Our duty in this matter is not to pass upon the wisdom or desirability of the ordinance which the City has enacted. We must confine our attention to the question of whether or not the legislative body for the City has the constitutional power to do what it has done.
We conclude that City has the power to and does through its ordinance constitutionally regulate activities deemed by it to be a public nuisance.

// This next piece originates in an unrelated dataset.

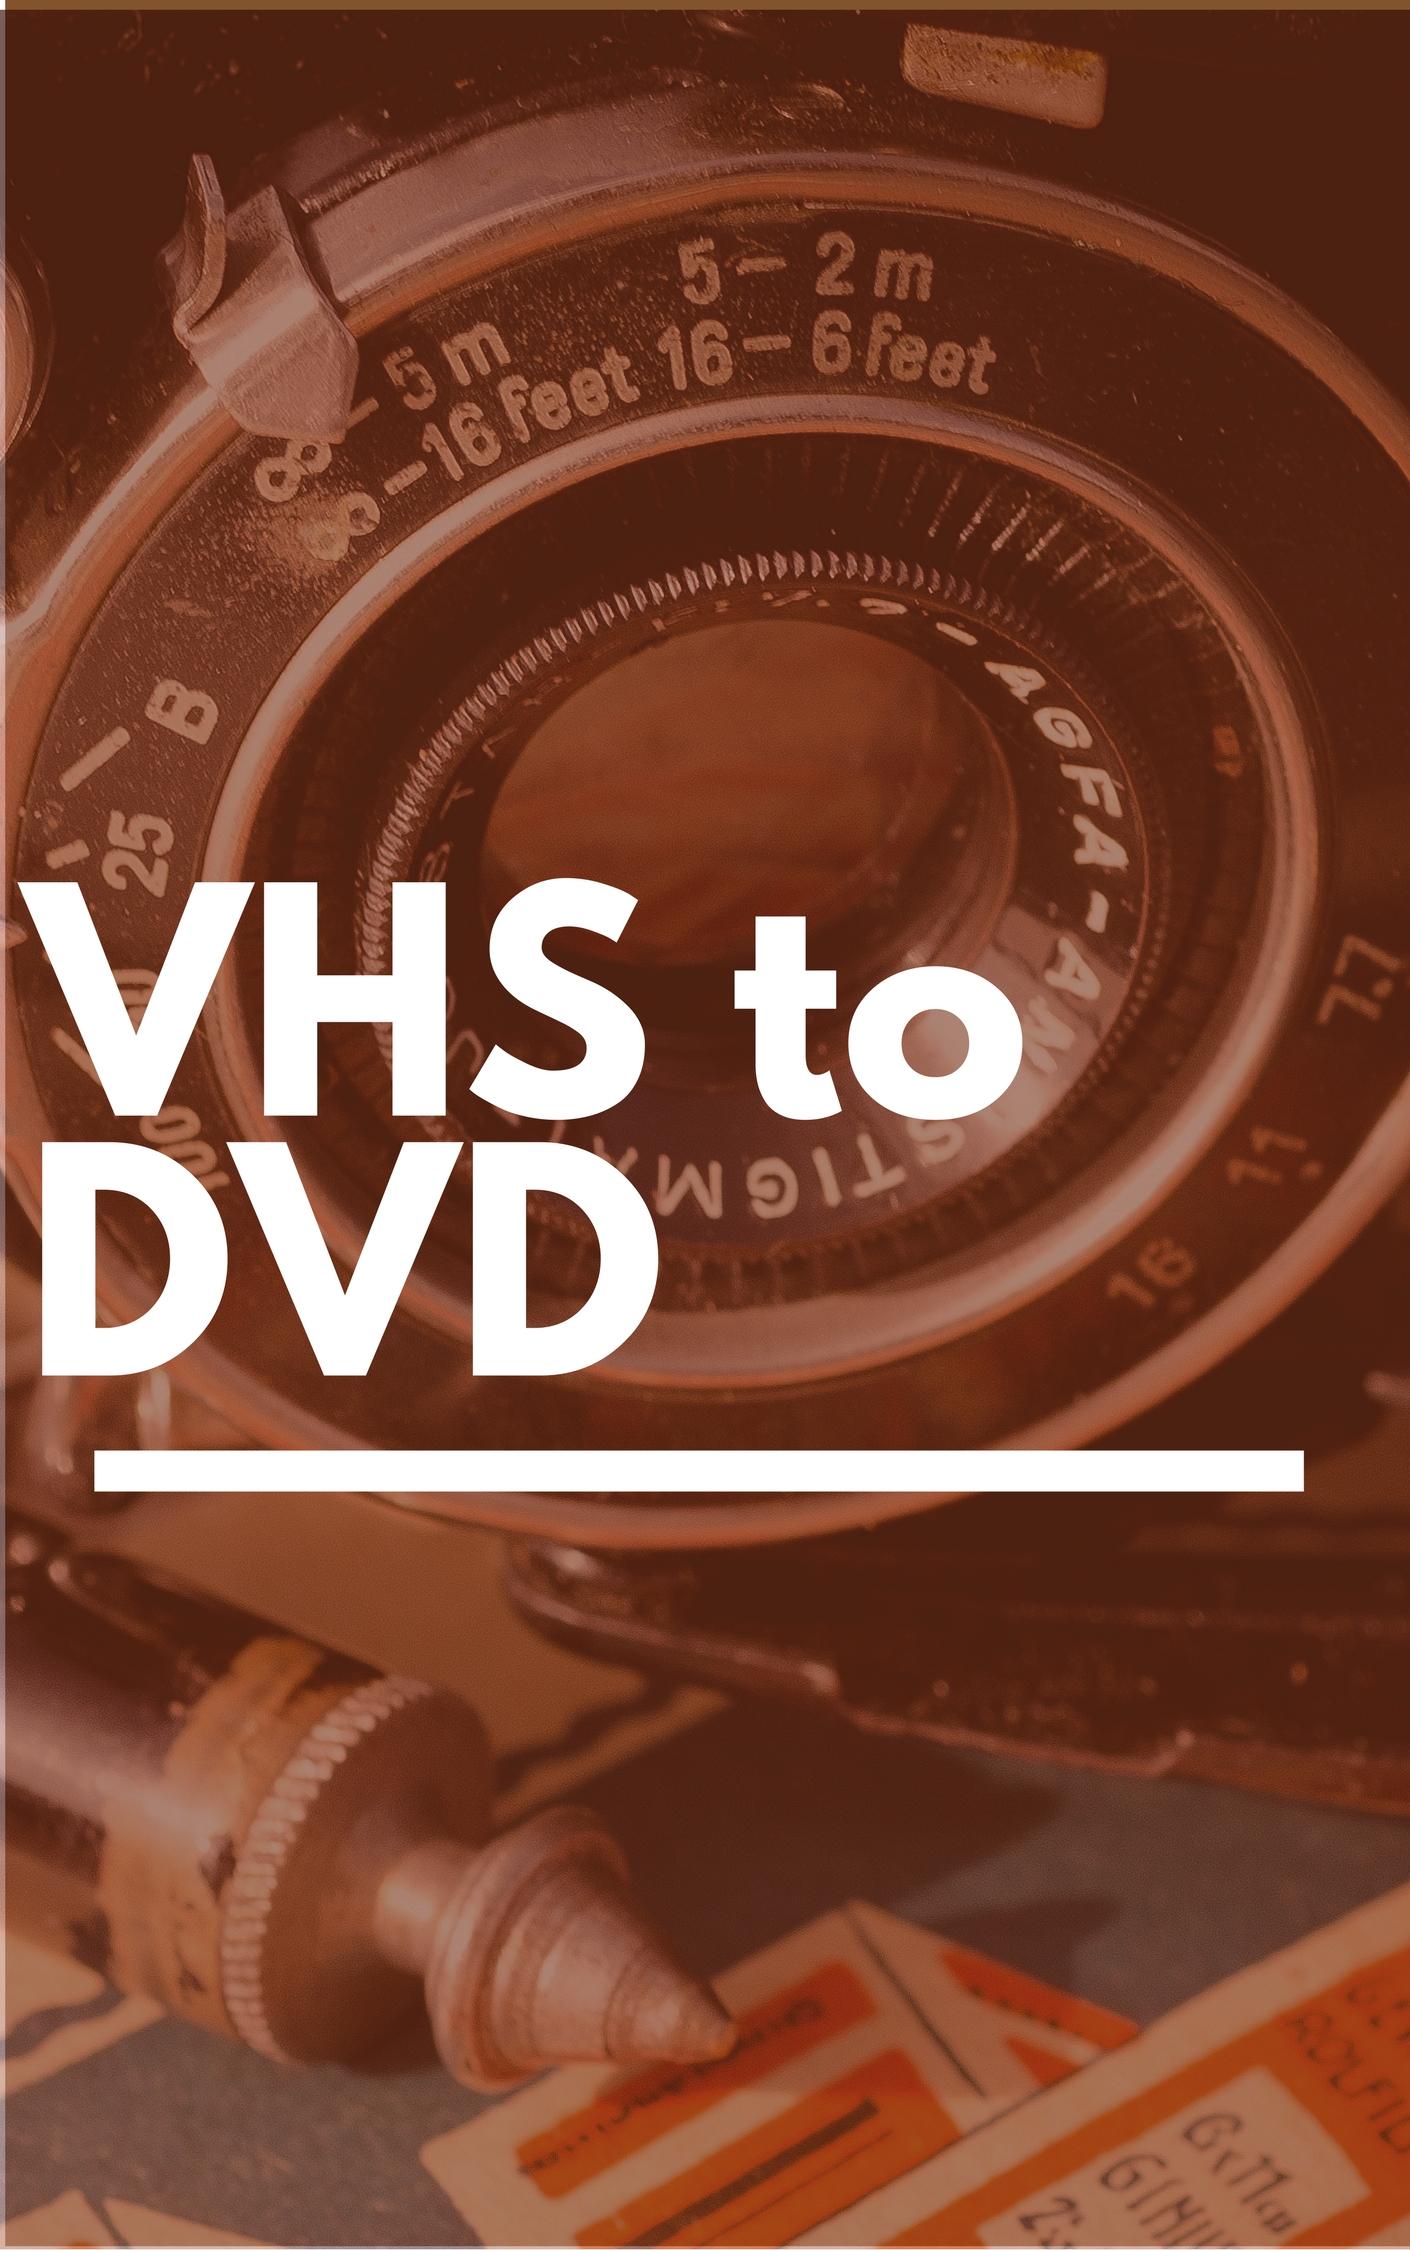 VHS to DVD conversion - Glen Rock Public Library - NJ

From a consideration of the purpose, effect and circumstances surrounding the application of the ordinance to Publisher, we conclude as the court did in Di Lorenzo, supra, 260 Cal.App.2d at p. 74, 67 Cal.Rptr. at p. 7, ‘[T]hat the ordinance in question has no First Amendment or other constitutional taint.’
The judgment is affirmed.
1. Although Publisher's complaint attacked the constitutionality of the entire ordinance, this appeal is directed solely to Section 4 of Ordinance No. 98.
COMPTON, Associate Justice.
HERNDON, Acting P. J., and FLEMING, J., concur.